Советская демократичность в отношениях между разными социальными слоями населения – не пустая погремушка в активном словарном запасе коммунистических златоустов эпохи развитого социализма. По крайней мере, мы, провинциальные подростки, ничего противоречащего сему постулату не замечали. Дружили, часто бывали друг у друга в гостях, хотя жили не близко. Родители – и те, и другие – нашу дружбу приветствовали. Мои – понятно почему, даже гордились таким, с позволения сказать, мезальянсом, ну а его предки – не только из-за вышеупомянутого культа демократичности, но и, дерзну предположить, в силу моих человеческих качеств. А именно: хорошо учился, с хулиганами компанию не водил, был чистоплотен, в носу на людях не ковырял, отличался вежливостью, даже воспитанностью, что для простой советской семьи…

В общем, и как матери, и как учительнице, да и вообще как человеку, матери Инева всё вышеперечисленное не могло не импонировать. Она всегда ставила меня в пример своему «раздолбаю», который уже к восьмому классу вымахал в здоровенного широкоплечего атлета. За ним охотились не только девчонки, но и все окрестные гоп-компании и сверстников, и чудил постарше. Охотились не в смысле – отметелить, а в смысле – заполучить в свои ряды. Охота шла с переменным успехом, Инев рос отнюдь не паинькой, и моя «примерная», образцово-показательная роль, как я теперь понимаю, была для его родителей очень важна.

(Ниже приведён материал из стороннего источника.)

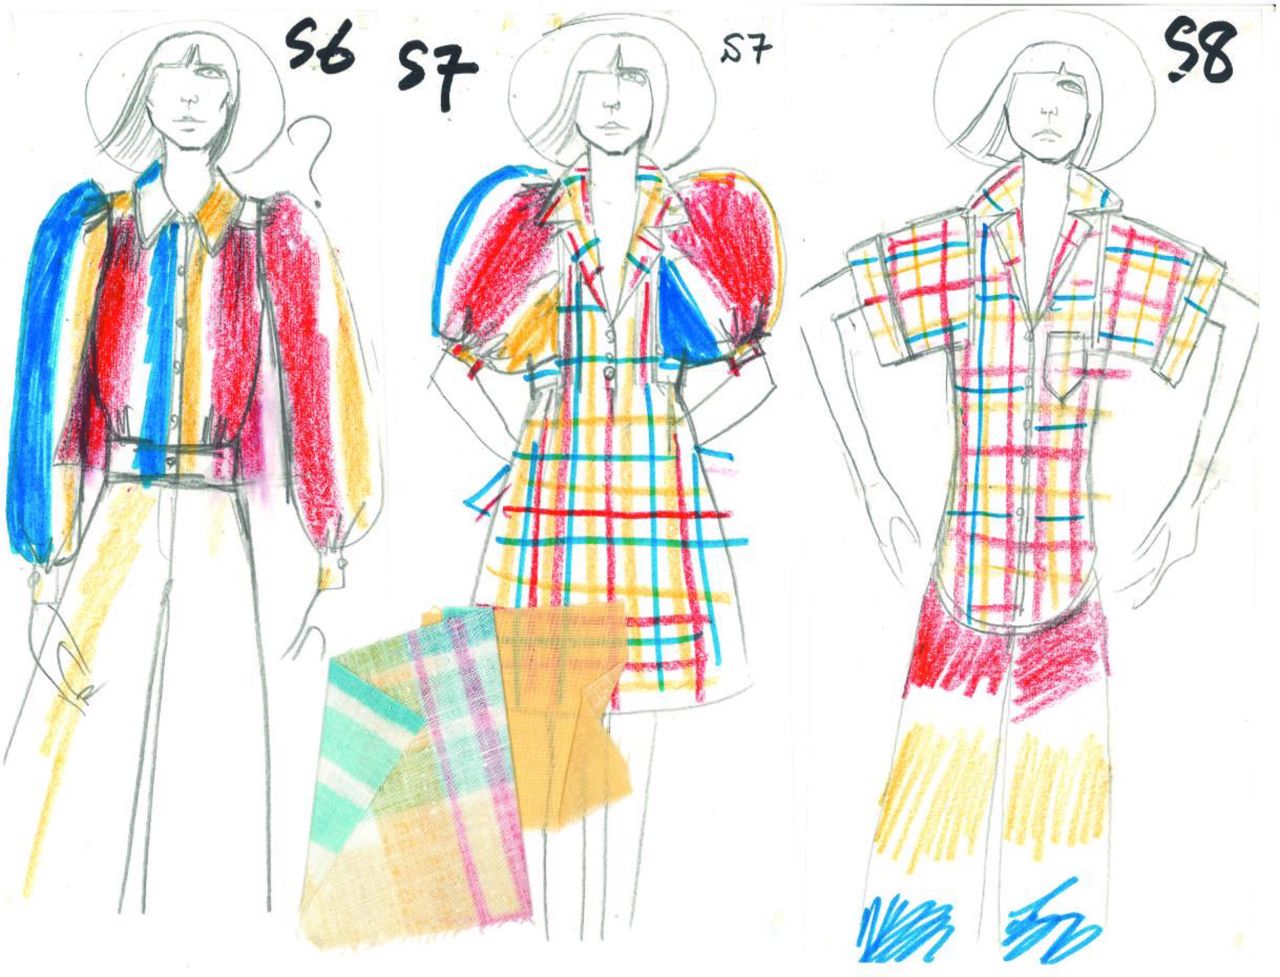 Three sketches from Kenzo's 1972 collection.

Тем более что я ко всему прочему обладал ещё и неким магнетизмом. Нет, не месмерическим*, а сугубо творческим. Я постоянно генерировал безобидные ребячьи забавы – «чемпионаты мира» по настольному хоккею, морские сражения с самолично выплавленными из свинца боевыми корабликами, турниры по «большому теннису» с деревянными лопатками вместо ракеток, гонки на велосипедах и прочее, прочее, прочее. Причём самыми опасными из наших забав можно назвать войнушки с деревянным вооружением, стреляющим алюминиевыми «пульками» под действием силы натяжения резины-«венгерки».

*Месмерический магнетизм – по имени австрийского врача Мессмера (1734-1815). Благодаря своим гипнотическим экспериментам он стал настолько знаменит, что гипноз в то время называли месмеризмом.